We also manage key process points strictly, including identifying potential delay risks ahead of time, to resolve the problem quickly and avoid delays. In this year, while ensuring steady growth in our business scale, we will focus on enhancing the quality. By implementing one-stop site management services and online quality control, we aim to proactively prevent issues, reduce their occurrence, and improve customer satisfaction. Regarding the Beike rental business, in Q1, revenue from Beike rental services reached RMB 2.63 billion, increasing by 189.3% year-over-year, mainly due to the rapid increase in scale of rental property management services. Under our Carefree Rents model, we are managing over 240,000 units by the end of this Q1, compared to over 90,000 in the same period last year.

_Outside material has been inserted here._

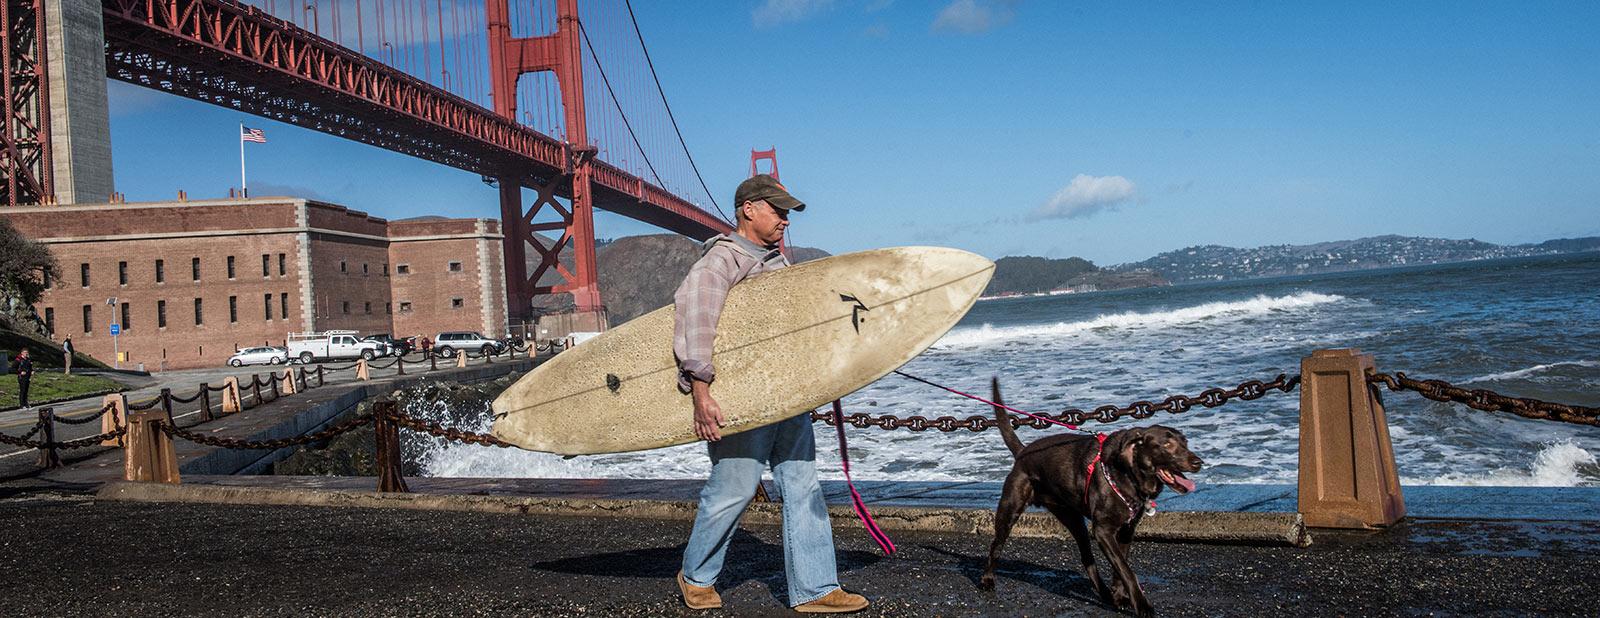 San Francisco Personal Injury Lawyers | Jones Clifford

As of now, we have a total of nearly 270,000 units managed by Carefree Rents. The number of units managed under the centralized long-term apartment exceeded 11,000 by end of Q1, compared to around 7,000 in the same period last year. In terms of efficiency improvements and the operational waste control, the occupancy rate for Carefree Rents model increased by around 2.7 percentage points year-over-year to 96.5% at the end of Q1. We significantly reduced the rate of the vacancies by increasing coverage of the low rate Carefree Rents model and clearing out a batch of long-term vacant properties. Also, at the end of the first quarter, the occupancy rate of our self-operate apartments that have opened for over six months increased by around 3.8 percentage points year-over-year, reaching 94.8%. Thank you.
Operator (participant)
We are now approaching the end of today's conference call. I will turn the call over to your speaker host today, Ms. Suting Li, for closing remarks.
Suting Li (Head of Investor Relations)
Thank you once again for joining us today. If you have any further questions, please feel free to contact Beike's investor relations team through the contact information provided on our website. This concludes today's call, and we look forward to speaking with you again next quarter. Thank you and goodbye.